Bio

Afshan Daneshvar (b. 1972 Tehran, Iran – lives and works in SF, USA) is a multidisciplinary visual artist, whose works move between drawing and sculpture. Mentored by her father during the early stages of her artistic journey, Daneshvar developed a process rooted in patience, repetition, and contemplation. Her meditative works draw inspiration from "Siah-Mashgh"—Persian calligraphic practice sheets where words and letters are endlessly repeated regardless of meaning for the sake of achieving perfection. 
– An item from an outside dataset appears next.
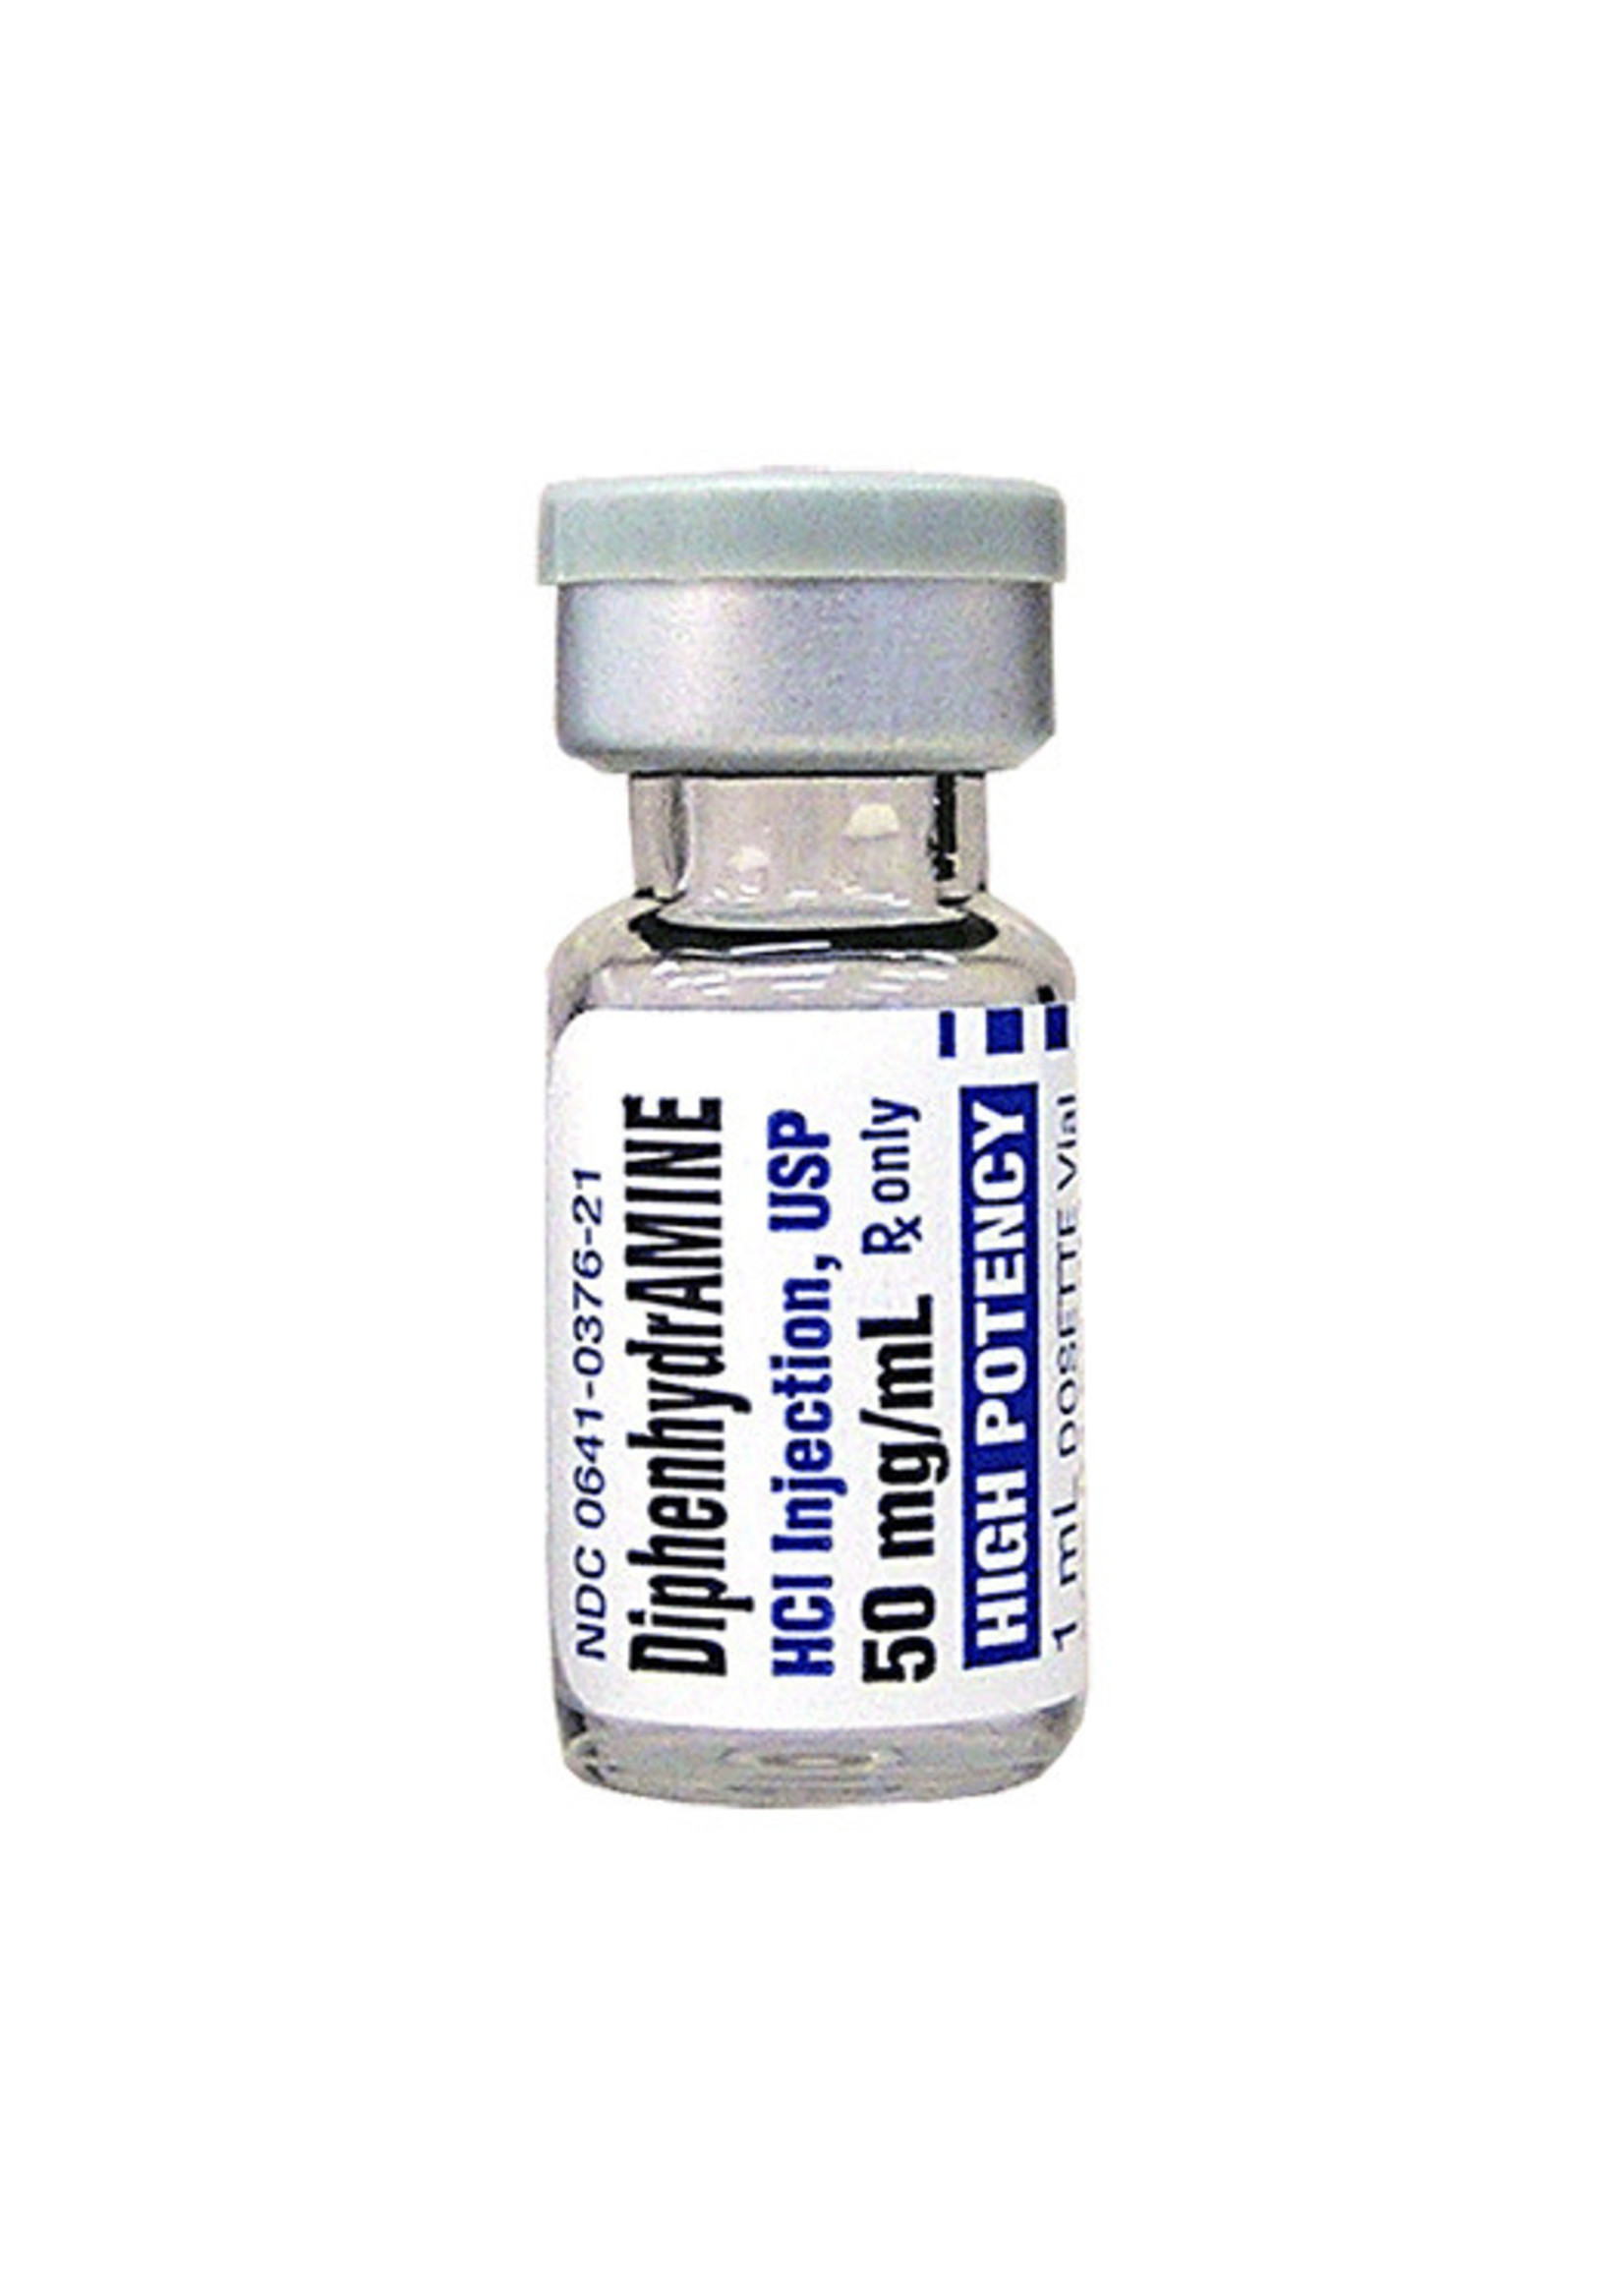 Benadryl 50Mg/1mL (Diphenhydramine)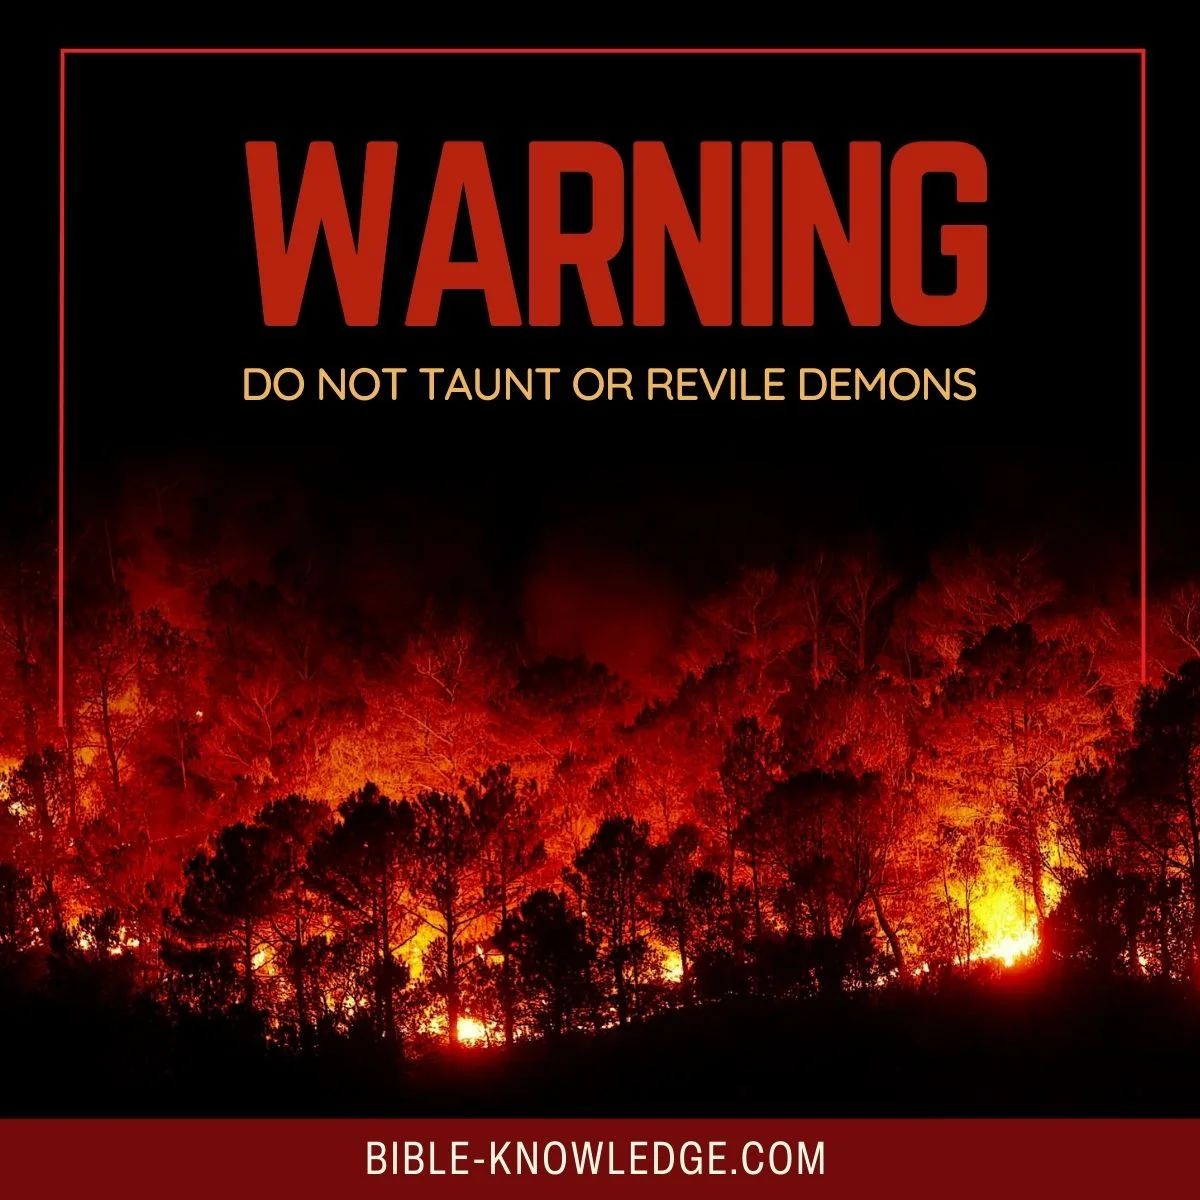 Warning - Do Not Taunt or Revile Demons

Since 2015, Daneshvar has expanded her exploration of repetition through the medium of paper—using book pages, newspapers, and even thread as materials of transformation. The act of cutting, layering, and arranging becomes a ritual in itself. In these works, repetition takes on physical form, appearing as dense strata of paper or in the quiet rhythm of razor blades placed with deliberate precision. The marks and cuts evoke both tenderness and tension, as if tracing the fragile boundary between destruction and creation.
Across her practice, Daneshvar maintains a direct dialogue between content and form. The written page, once a vessel of meaning, is reconfigured into a sculptural surface where language dissolves into texture. Through this process of reiteration and reconstruction, she binds past and future together—an ongoing act of remembrance that continually reaffirms the present.
In addition to her participation in numerous group exhibitions in Iran and abroad, Daneshvar’s works are placed in several public collections including Berlin’s Paper Museum, Farjam Collection and Tashkeel Art Collection in the UAE and many prominent private collections.